## TASK GOAL
Please reproduce each of the following entries exactly.

##### EXCERPTED DATA #####

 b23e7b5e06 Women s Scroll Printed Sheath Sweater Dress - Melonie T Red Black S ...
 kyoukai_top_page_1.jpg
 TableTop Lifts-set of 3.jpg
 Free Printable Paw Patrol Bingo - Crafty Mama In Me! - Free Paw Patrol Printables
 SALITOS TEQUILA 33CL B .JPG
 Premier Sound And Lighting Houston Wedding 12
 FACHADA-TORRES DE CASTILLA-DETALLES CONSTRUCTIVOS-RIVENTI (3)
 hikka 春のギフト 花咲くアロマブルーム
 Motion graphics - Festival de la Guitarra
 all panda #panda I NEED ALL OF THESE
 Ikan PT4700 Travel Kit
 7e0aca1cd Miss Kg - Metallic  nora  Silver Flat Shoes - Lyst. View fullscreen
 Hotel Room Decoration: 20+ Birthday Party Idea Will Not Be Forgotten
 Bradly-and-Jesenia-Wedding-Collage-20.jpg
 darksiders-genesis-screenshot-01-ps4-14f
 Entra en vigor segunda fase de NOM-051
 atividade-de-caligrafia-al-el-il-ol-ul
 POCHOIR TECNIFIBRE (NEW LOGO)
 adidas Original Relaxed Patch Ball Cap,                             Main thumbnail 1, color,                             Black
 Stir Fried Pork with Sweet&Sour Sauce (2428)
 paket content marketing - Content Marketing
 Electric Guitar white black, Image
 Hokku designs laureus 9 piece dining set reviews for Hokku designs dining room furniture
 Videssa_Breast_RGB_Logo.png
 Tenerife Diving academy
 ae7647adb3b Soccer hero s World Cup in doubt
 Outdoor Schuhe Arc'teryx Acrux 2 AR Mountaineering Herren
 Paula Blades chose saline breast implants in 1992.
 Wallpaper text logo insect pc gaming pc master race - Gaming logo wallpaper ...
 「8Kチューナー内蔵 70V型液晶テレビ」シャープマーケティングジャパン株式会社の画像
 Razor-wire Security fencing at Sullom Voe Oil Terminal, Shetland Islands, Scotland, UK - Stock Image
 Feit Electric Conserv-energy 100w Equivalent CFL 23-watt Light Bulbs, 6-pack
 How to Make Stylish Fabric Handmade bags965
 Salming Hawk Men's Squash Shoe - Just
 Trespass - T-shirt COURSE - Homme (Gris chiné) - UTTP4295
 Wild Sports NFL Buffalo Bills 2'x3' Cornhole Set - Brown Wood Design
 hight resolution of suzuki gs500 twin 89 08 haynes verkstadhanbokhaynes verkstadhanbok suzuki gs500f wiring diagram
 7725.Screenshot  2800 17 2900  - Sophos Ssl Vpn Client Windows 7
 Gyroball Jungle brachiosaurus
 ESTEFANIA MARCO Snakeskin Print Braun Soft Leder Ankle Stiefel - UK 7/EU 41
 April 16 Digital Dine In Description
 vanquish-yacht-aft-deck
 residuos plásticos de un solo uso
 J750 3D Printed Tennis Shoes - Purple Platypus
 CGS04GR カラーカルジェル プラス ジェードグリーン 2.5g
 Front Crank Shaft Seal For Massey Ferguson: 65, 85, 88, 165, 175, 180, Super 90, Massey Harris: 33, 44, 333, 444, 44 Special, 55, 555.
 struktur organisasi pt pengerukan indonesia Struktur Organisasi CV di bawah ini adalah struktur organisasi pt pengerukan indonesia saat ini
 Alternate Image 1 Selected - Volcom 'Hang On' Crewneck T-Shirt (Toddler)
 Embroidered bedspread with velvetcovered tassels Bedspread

#####

## SOLUTION TO THE EXERCISE
 b23e7b5e06 Women s Scroll Printed Sheath Sweater Dress - Melonie T Red Black S ...
 kyoukai_top_page_1.jpg
 TableTop Lifts-set of 3.jpg
 Free Printable Paw Patrol Bingo - Crafty Mama In Me! - Free Paw Patrol Printables
 SALITOS TEQUILA 33CL B .JPG
 Premier Sound And Lighting Houston Wedding 12
 FACHADA-TORRES DE CASTILLA-DETALLES CONSTRUCTIVOS-RIVENTI (3)
 hikka 春のギフト 花咲くアロマブルーム
 Motion graphics - Festival de la Guitarra
 all panda #panda I NEED ALL OF THESE
 Ikan PT4700 Travel Kit
 7e0aca1cd Miss Kg - Metallic  nora  Silver Flat Shoes - Lyst. View fullscreen
 Hotel Room Decoration: 20+ Birthday Party Idea Will Not Be Forgotten
 Bradly-and-Jesenia-Wedding-Collage-20.jpg
 darksiders-genesis-screenshot-01-ps4-14f
 Entra en vigor segunda fase de NOM-051
 atividade-de-caligrafia-al-el-il-ol-ul
 POCHOIR TECNIFIBRE (NEW LOGO)
 adidas Original Relaxed Patch Ball Cap,                             Main thumbnail 1, color,                             Black
 Stir Fried Pork with Sweet&Sour Sauce (2428)
 paket content marketing - Content Marketing
 Electric Guitar white black, Image
 Hokku designs laureus 9 piece dining set reviews for Hokku designs dining room furniture
 Videssa_Breast_RGB_Logo.png
 Tenerife Diving academy
 ae7647adb3b Soccer hero s World Cup in doubt
 Outdoor Schuhe Arc'teryx Acrux 2 AR Mountaineering Herren
 Paula Blades chose saline breast implants in 1992.
 Wallpaper text logo insect pc gaming pc master race - Gaming logo wallpaper ...
 「8Kチューナー内蔵 70V型液晶テレビ」シャープマーケティングジャパン株式会社の画像
 Razor-wire Security fencing at Sullom Voe Oil Terminal, Shetland Islands, Scotland, UK - Stock Image
 Feit Electric Conserv-energy 100w Equivalent CFL 23-watt Light Bulbs, 6-pack
 How to Make Stylish Fabric Handmade bags965
 Salming Hawk Men's Squash Shoe - Just
 Trespass - T-shirt COURSE - Homme (Gris chiné) - UTTP4295
 Wild Sports NFL Buffalo Bills 2'x3' Cornhole Set - Brown Wood Design
 hight resolution of suzuki gs500 twin 89 08 haynes verkstadhanbokhaynes verkstadhanbok suzuki gs500f wiring diagram
 7725.Screenshot  2800 17 2900  - Sophos Ssl Vpn Client Windows 7
 Gyroball Jungle brachiosaurus
 ESTEFANIA MARCO Snakeskin Print Braun Soft Leder Ankle Stiefel - UK 7/EU 41
 April 16 Digital Dine In Description
 vanquish-yacht-aft-deck
 residuos plásticos de un solo uso
 J750 3D Printed Tennis Shoes - Purple Platypus
 CGS04GR カラーカルジェル プラス ジェードグリーン 2.5g
 Front Crank Shaft Seal For Massey Ferguson: 65, 85, 88, 165, 175, 180, Super 90, Massey Harris: 33, 44, 333, 444, 44 Special, 55, 555.
 struktur organisasi pt pengerukan indonesia Struktur Organisasi CV di bawah ini adalah struktur organisasi pt pengerukan indonesia saat ini
 Alternate Image 1 Selected - Volcom 'Hang On' Crewneck T-Shirt (Toddler)
 Embroidered bedspread with velvetcovered tassels Bedspread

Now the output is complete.